The posterior for the weights follows by Bayes rule $$\begin{align*} \underbrace{p(w \,|\, D)}_{\text{posterior}} &\propto p(w) p(D|w) \\ &= \underbrace{\mathcal{N}(w \,|\, m_0, S_0)}_{\text{prior}} \cdot \underbrace{\prod_{n=1}^N \sigma\left( (2y_n-1) w^T x_n\right)}_{\text{likelihood}} \tag{B-4.142} \end{align*}$$

In principle, Bayesian inference is done now. Unfortunately, the posterior is not Gaussian and the evidence $p(D)$ is also not analytically computable. (We will deal with this later).

- For a new data point $x_\bullet$, the predictive distribution for $y_\bullet$ is given by $$\begin{align*} p(y_\bullet = 1 \mid x_\bullet, D) &= \int p(y_\bullet = 1 \,|\, x_\bullet, w) \, p(w\,|\, D) \,\mathrm{d}w \\ &= \int \sigma(w^T x_\bullet) \, p(w\,|\, D) \,\mathrm{d}w \tag{B-4.145} \end{align*}$$

- After substitution of $p(w | D)$ from B-4.142, we have an integral that is not solvable in closed-form.

- Many methods have been developed to approximate the integrals for the predictive distribution and evidence. Here, we present the
**Laplace approximation**, which is one of the simplest methods with broad applicability to Bayesian calculations.

- The central idea of the Laplace approximation is to approximate a (possibly unnormalized) distribution $f(z)$ by a Gaussian distribution $q(z)$.

- Note that $\log q(z)$ is a second-order polynomial in $z$, so we will find the Gaussian by fitting a parabola to $\log f(z)$.

- (Bishop fig.4.14a). Laplace approximation (in red) to the distribution $p(z)\propto \exp(-z^2/2)\sigma(20z+4)$, where $\sigma(a)=1/(1+e^{-a})$. The Laplace approximation is centered on the mode of $p(z)$.

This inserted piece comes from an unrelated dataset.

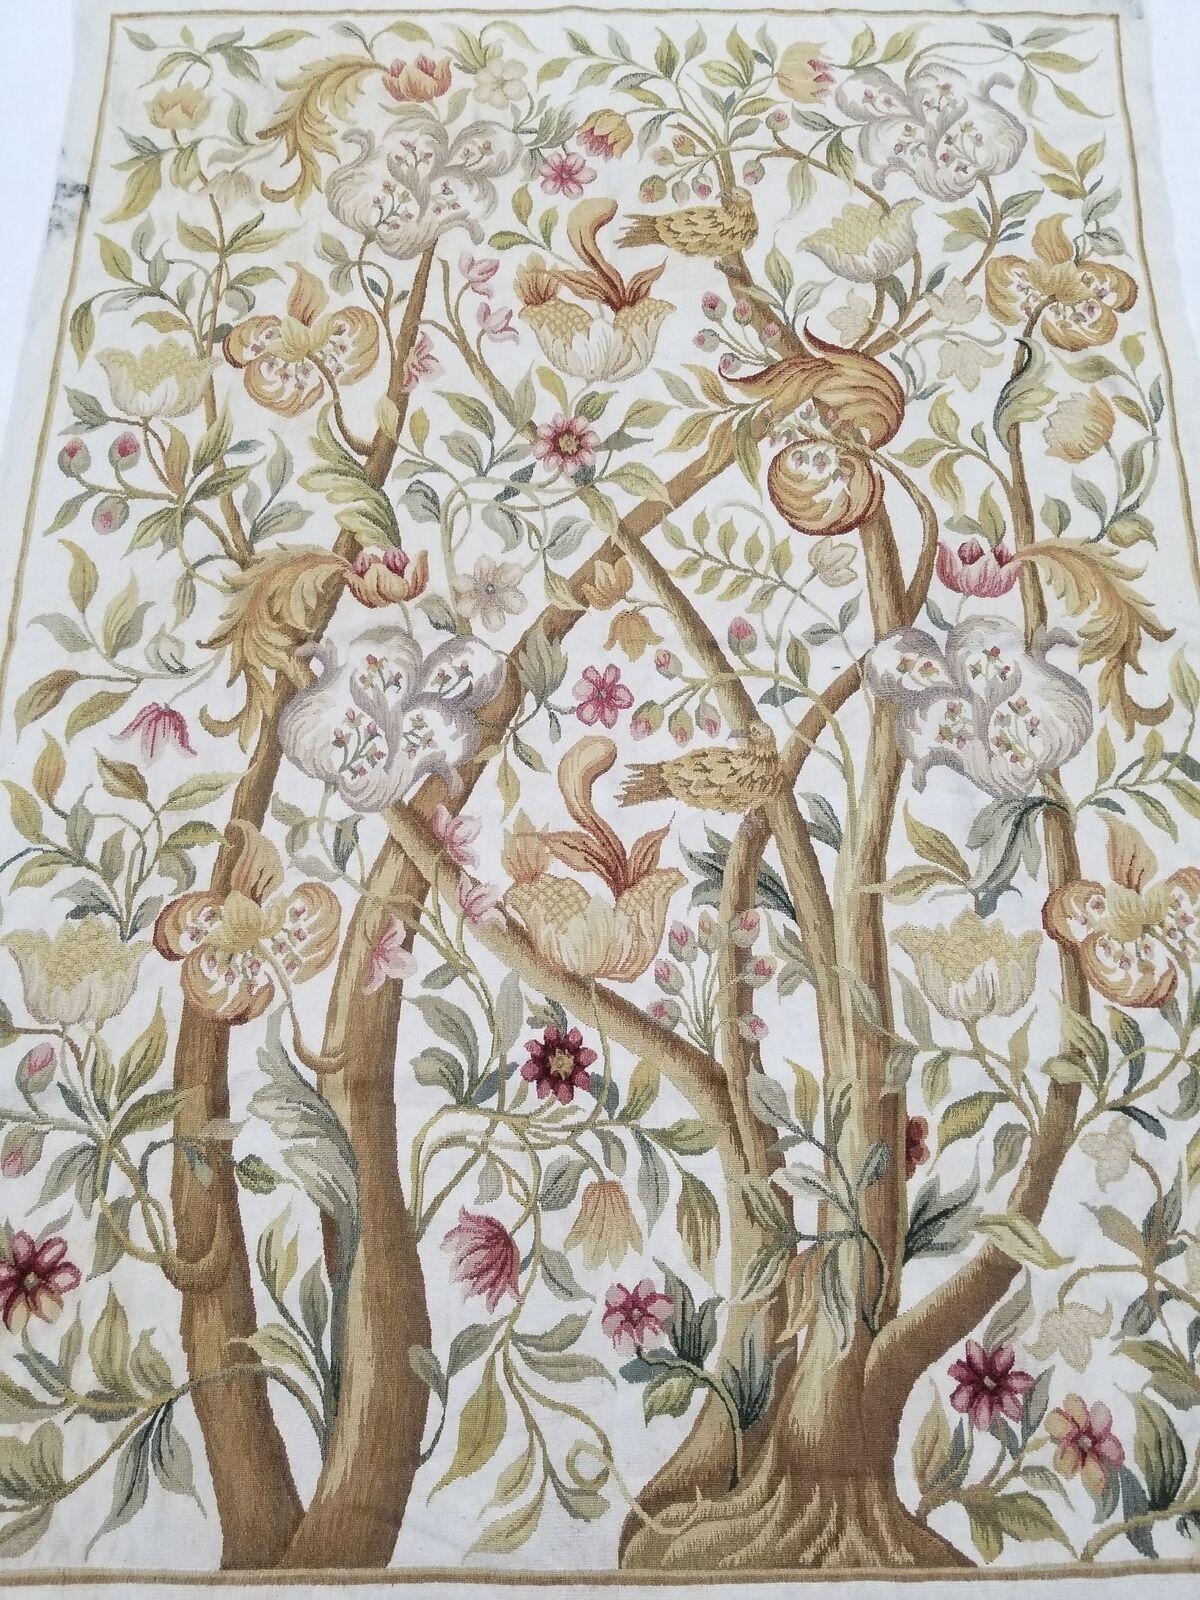 19thc. French Antique Louis XVI style Floral Aubusson Wall Hanging / Tapestry For Sale 8

- Since the gradient $\nabla \left. f(z) \right|_{z=z_0}$ vanishes at the mode, we can (Taylor) expand $\log f(z)$ around $z=z_0$ as $$\begin{align*} \log f(z) &\approx \log f(z_0) + \overbrace{\left(\nabla \log f(z_0)\right)^T (z-z_0)}^{=0 \text{ at }z=z_0} + \ldots \\ &\qquad + \frac{1}{2} (z-z_0)^T \left(\nabla \nabla \log f(z_0)\right) (z-z_0) \\ &= \log f(z_0) - \frac{1}{2} (z-z_0)^T A (z-z_0) \tag{B-4.131} \end{align*}$$ where the Hessian matrix $A$ is defined by $$ A = - \nabla \nabla \left. \log f(z) \right|_{z=z_0} \tag{B-4.132} $$

- After taking exponentials in eq. B-4.131, we obtain

- We can now identify $q(z)$ as $$ q(z) = \mathcal{N}\left( z\,|\,z_0, A^{-1}\right) \tag{B-4.134} $$ with $z_0$ and $A$ defined by eqs. B-4.126 and B-4.132.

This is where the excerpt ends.